Ganhei a rua cedinho, como era o
previsto. Às seis da manhã já caminhava
em direção ao meu destino final; caminhava em passos largos, e assim não tardei
em chegar à rua principal do meu bairro.
Havia bastante gente tendo o dia mal irrompido, todos caminhando
silenciosos. Tudo indicava que caminhávamos
ao mesmo destino. Uma multidão
silenciosa, solene. Parei para respirar,
perdi o fôlego rápido. Entreouvi os
sinos das duas igrejas próximas badalando ao mesmo tempo, num ritmo
alternado. Detive-me para ouvir melhor e
recuperar-me um pouco. Confesso que
estranhei imenso. Muitos meses sem ouvir
um sino. Muitos meses sem ver gente na
rua. Num bar. Num restaurante. Numa igreja.
Num cinema, num parque. Um
silêncio mórbido se abatera sobre a cidade, sobre o país, sobre o planeta. Era um silêncio que destilava dor. Naquele tempo de reclusão, eu vira poucos
transeuntes nas raras vezes que saí à rua.

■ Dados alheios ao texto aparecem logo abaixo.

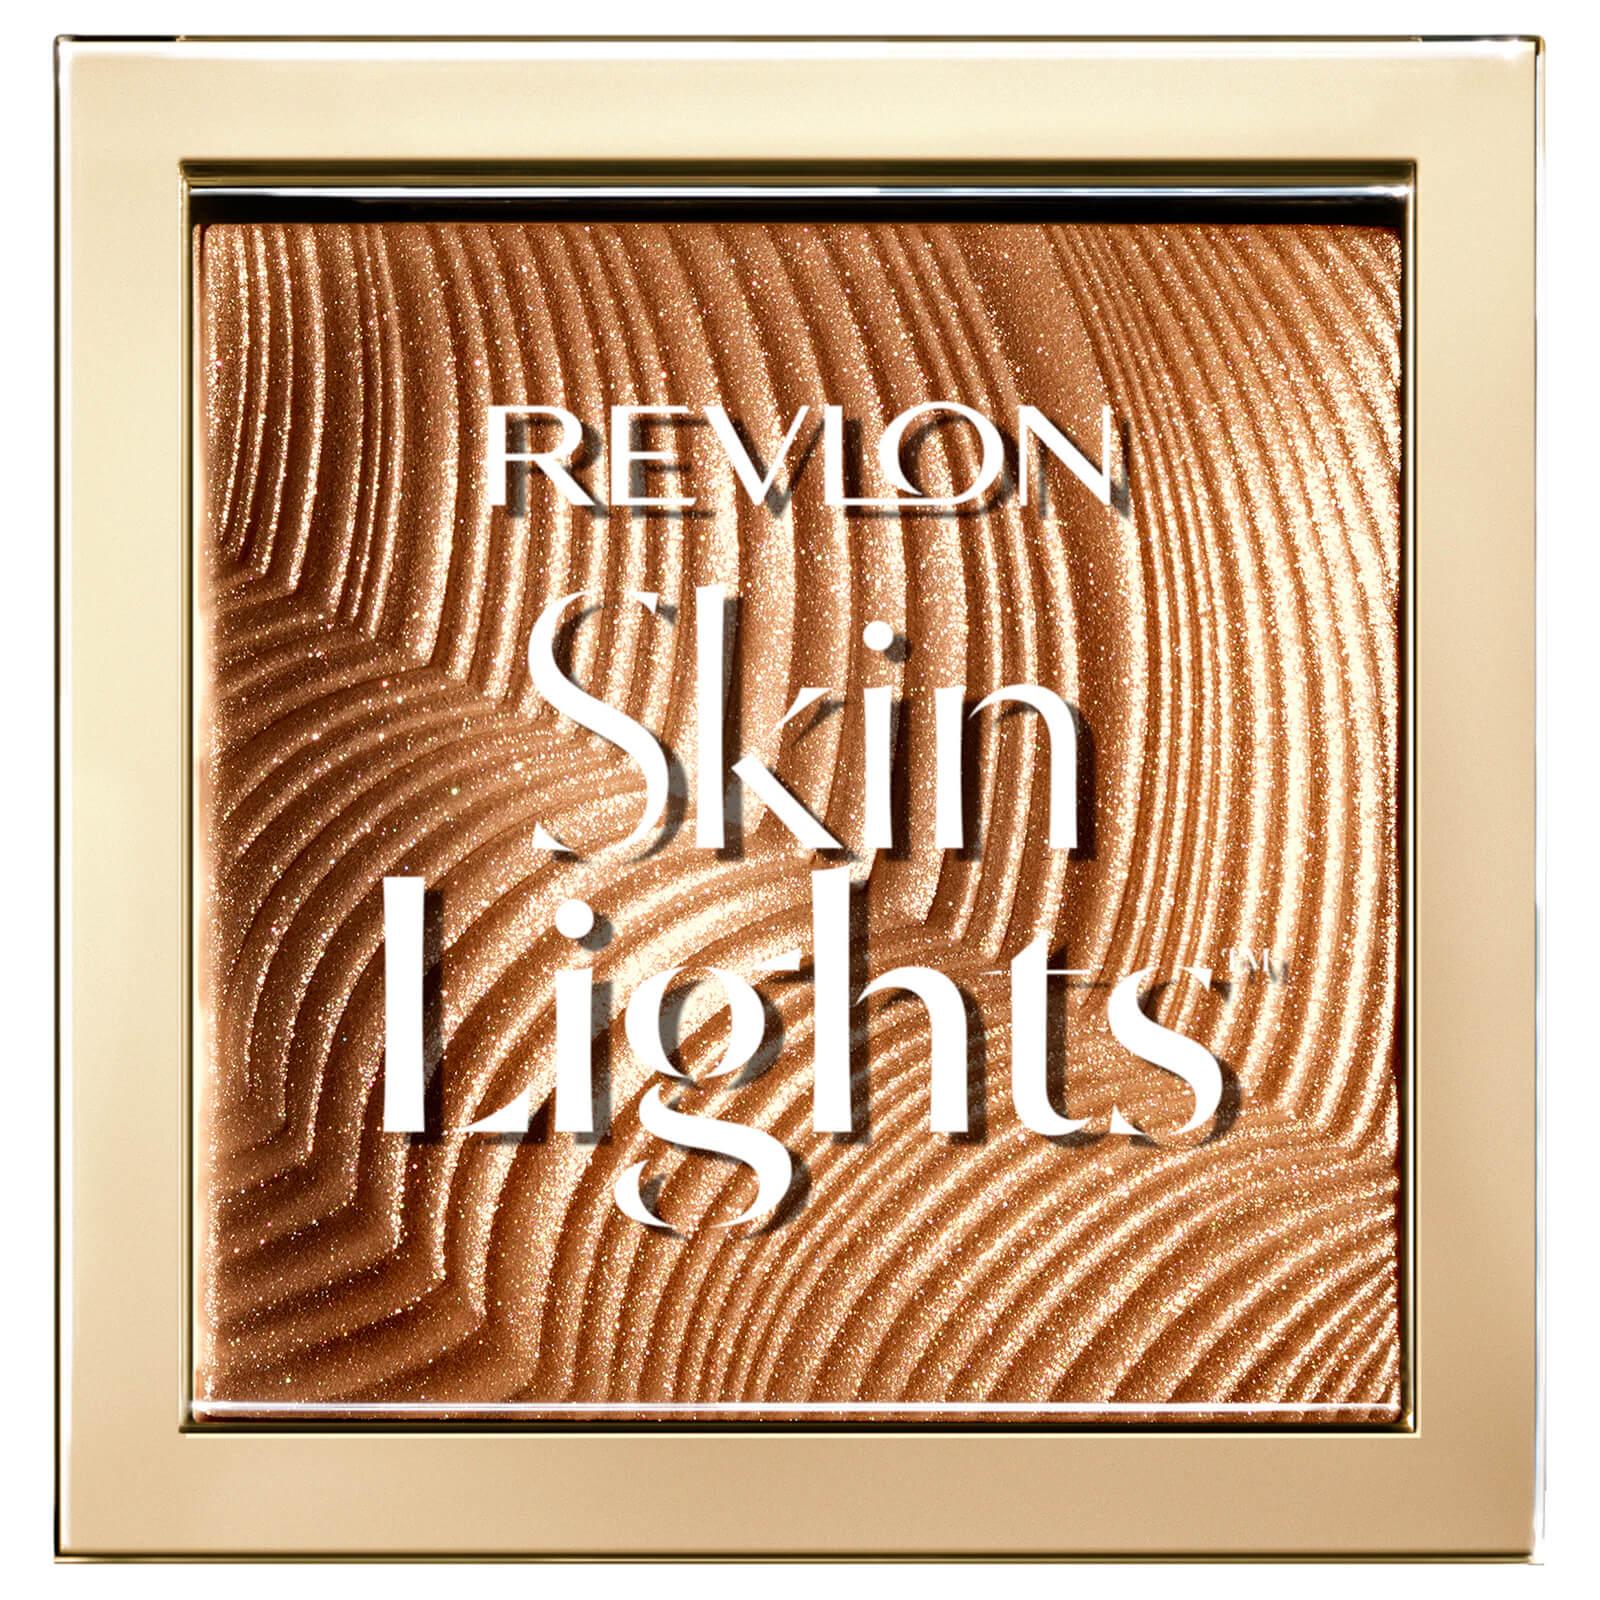 Купить Revlon SkinLightsTM Prismatic Bronzer (Various Shades) - Sunlit Glow

No começo havia mais gente.
Depois, apenas mascarados no supermercado, na farmácia, na máquina do
banco. Pouco a pouco, a presença dos
mascarados era mais e mais rarefeita. Muitos
certamente haviam morrido. Não via
sorrisos há tempos tampouco. Foram
meses, meses que se alongaram silenciosos, ansiosos, tristes. O tempo segurando o tempo, pulsando angústia
e incerteza. O tempo se arrastando sem ninguém
saber o que viria a seguir. O silêncio era
a tristeza. Como era mesmo a vida antes?
Temia esquecer.
A segunda onda fora pior, muito
pior. A boa nova anunciada logo
evanesceu. A cidade se fechou ainda mais
antes de reabrir. Havia tanto terror na
súbita mutação do vírus que já então infectara milhões de pessoas e ceifara
milhões de vidas. A mutação viera mais
letal. O que fazer ante àquele anúncio? Nada dera real conta do Covid-19, quem dirá
do Covid-20. Era como se fosse o primo
irmão de uma bomba atômica arrebatada sobre todos – e em tempos de paz. Sim, uma paz imposta pela pandemia mais letal
que o planeta havia visto desde tempos imemoriais. Seria impossível haver guerra, os soldados estariam
mortos antes de alcançar as trincheiras.
Muitos já haviam morrido, aliás.
Sentimento estranho o de ser uma
quase-sobrevivente, porque sobrevivente da própria biografia.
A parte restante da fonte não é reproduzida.